**Stored data**
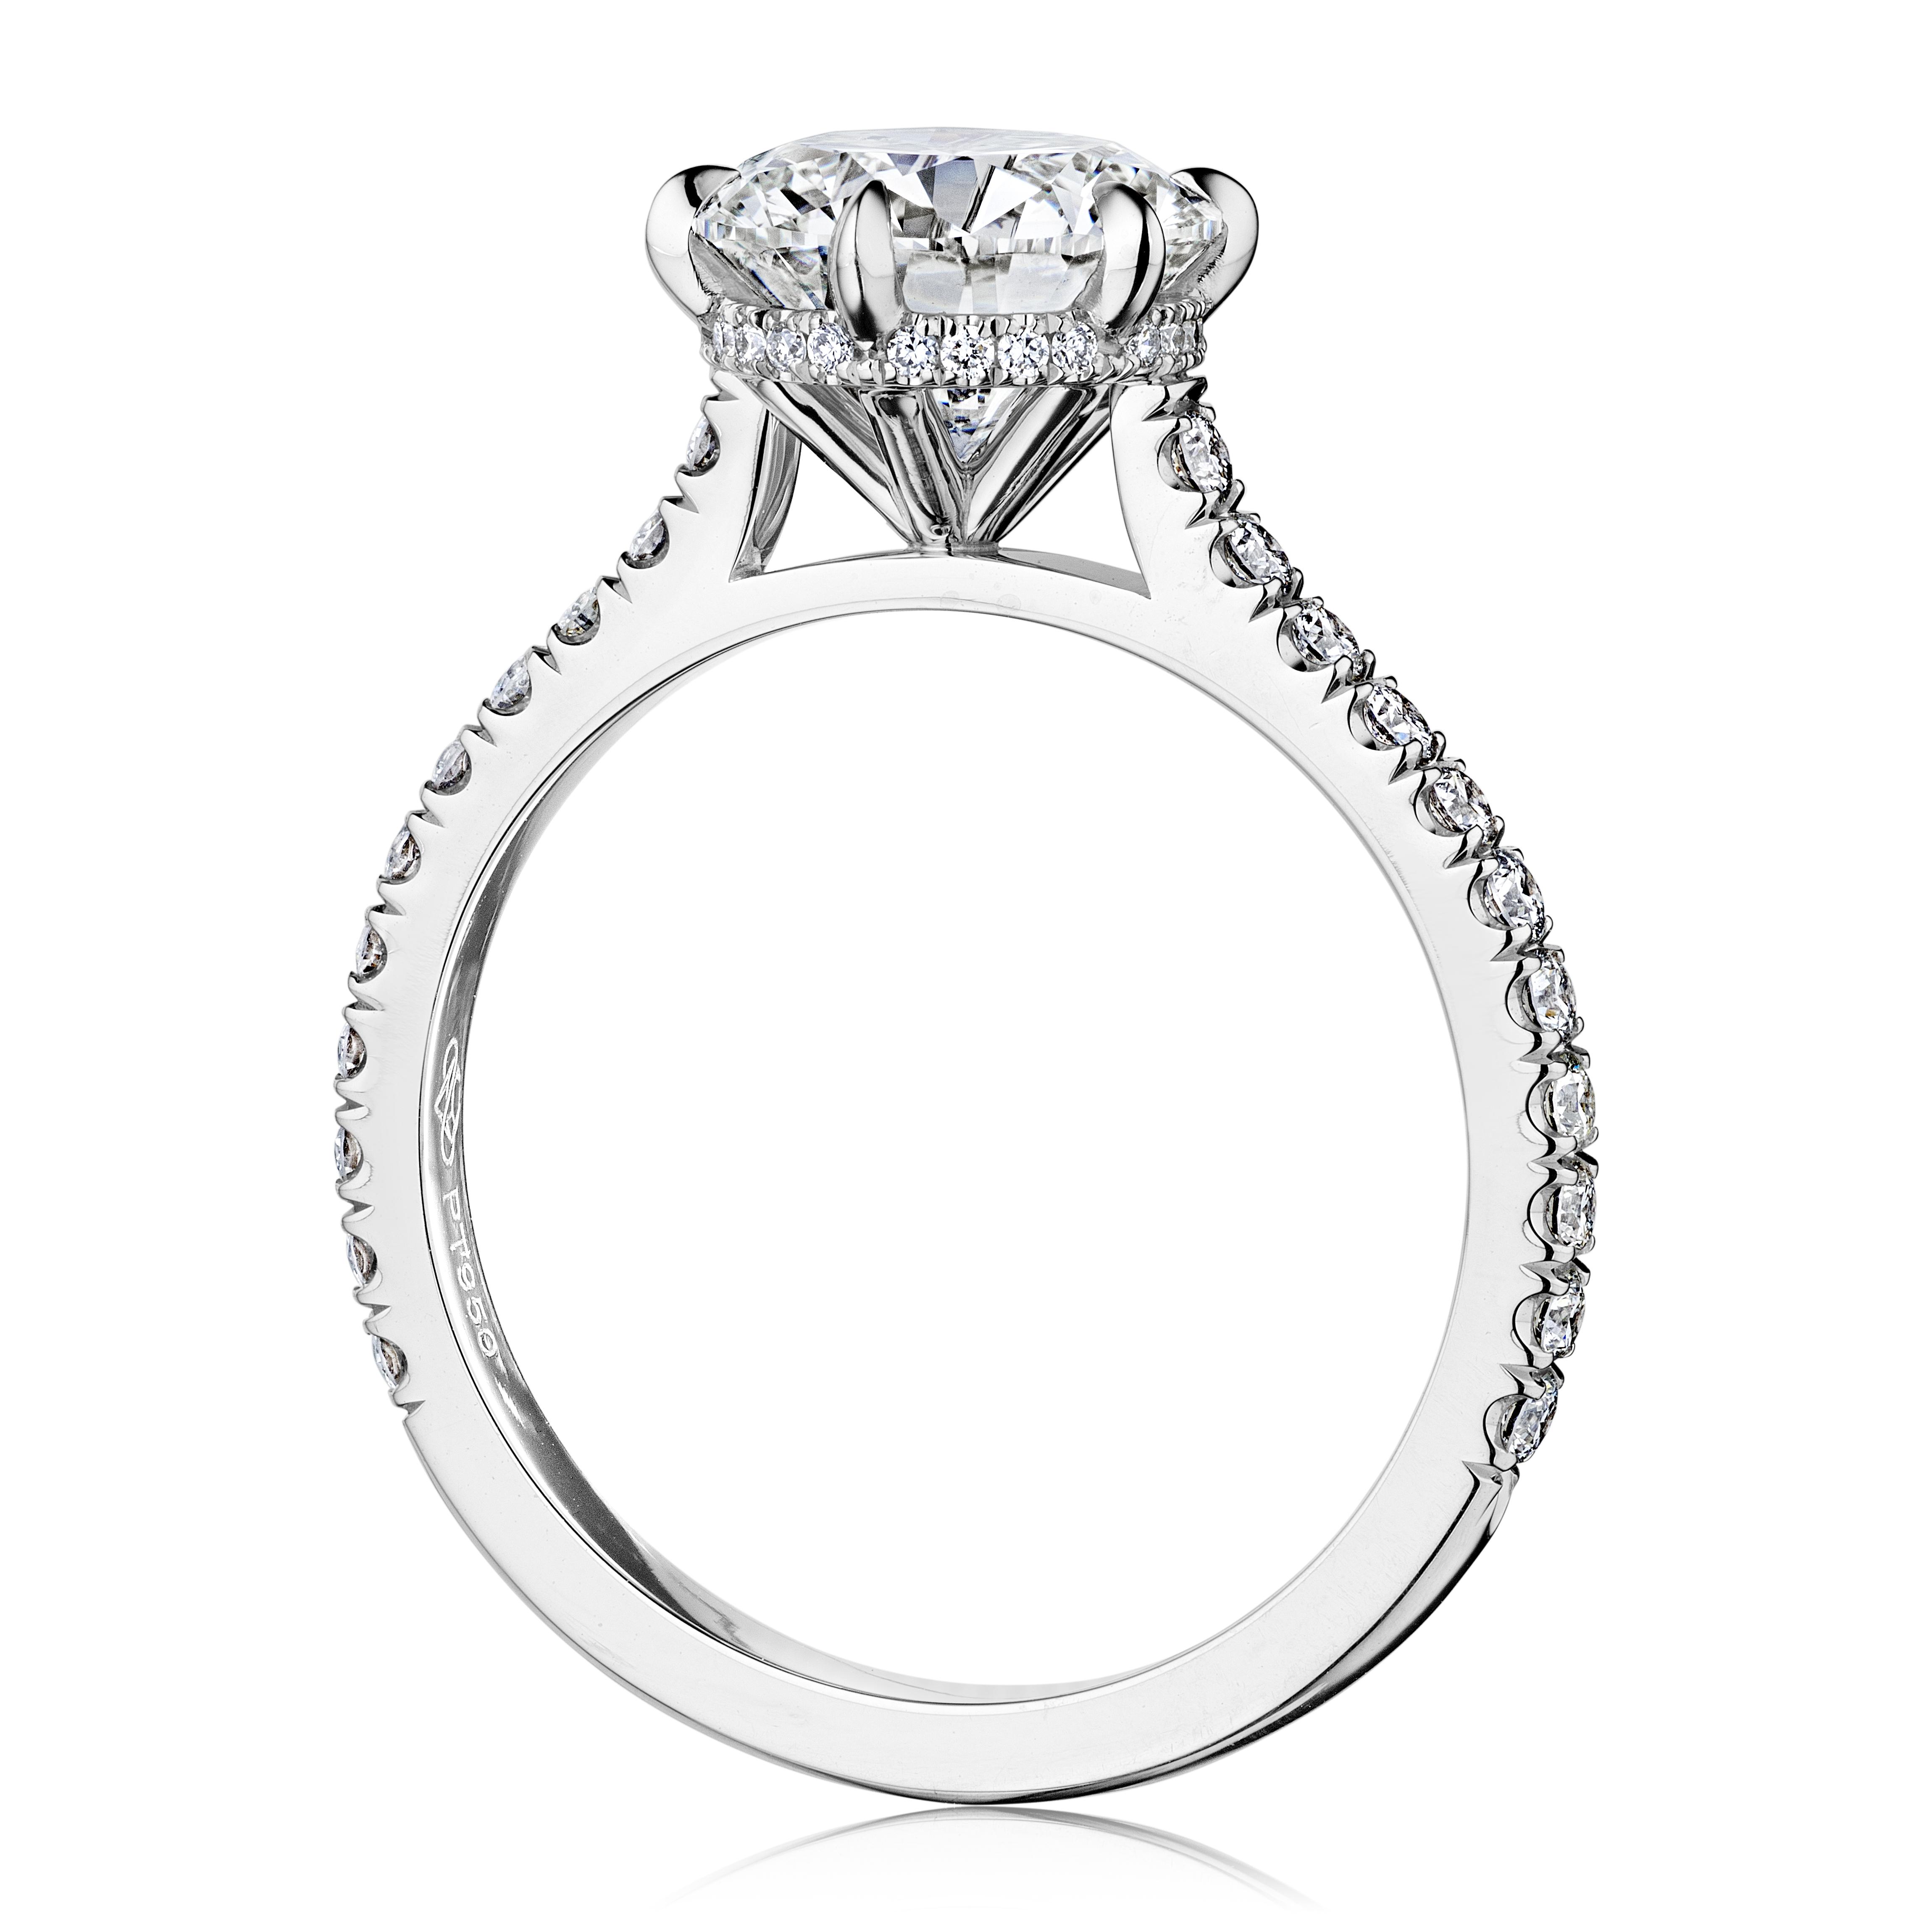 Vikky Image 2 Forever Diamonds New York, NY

* * *

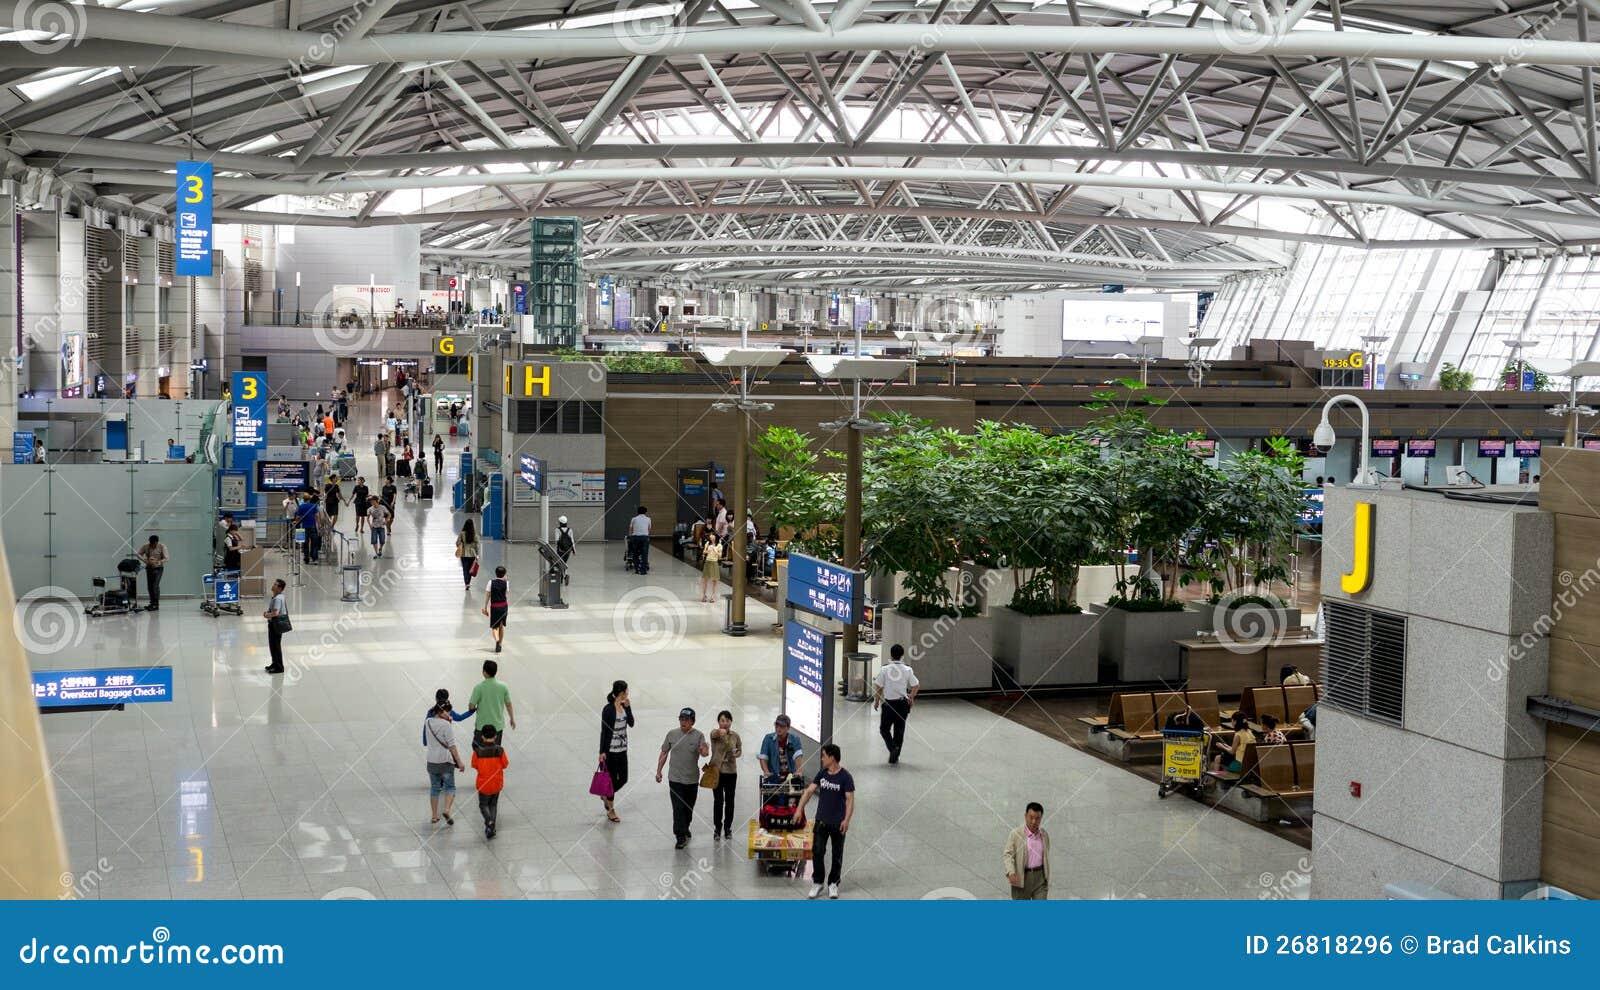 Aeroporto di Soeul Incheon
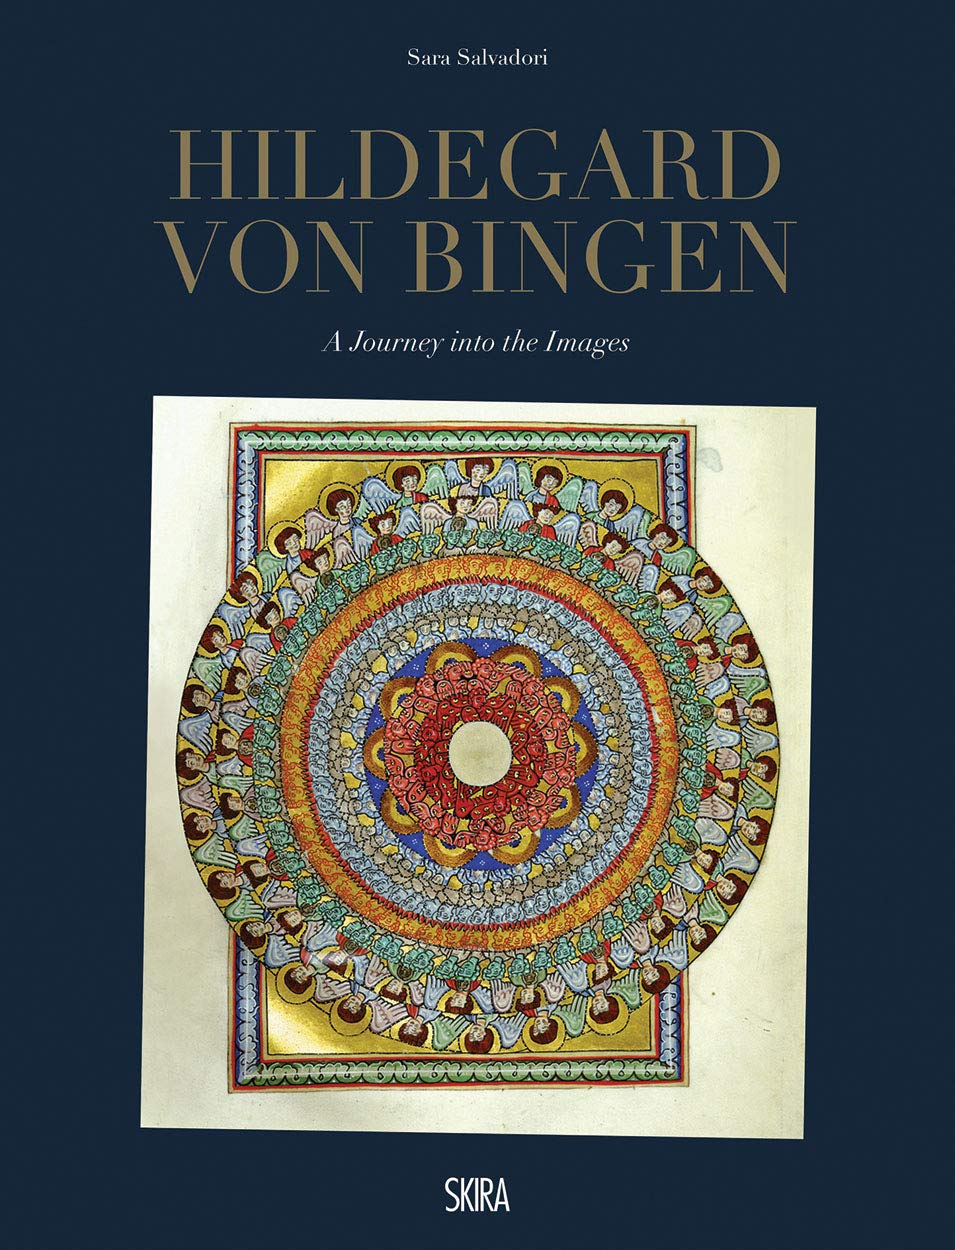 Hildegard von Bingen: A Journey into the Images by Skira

**Task to carry out**
Take the material above from the line bearing "Aeroporto di Soeul Incheon" through the line bearing "Hildegard von Bingen: A" and write it out exactly, both end lines included. Pictures stay out.

**Completed exercise**
 Aeroporto di Soeul Incheon
 Hildegard von Bingen: A Journey into the Images by Skira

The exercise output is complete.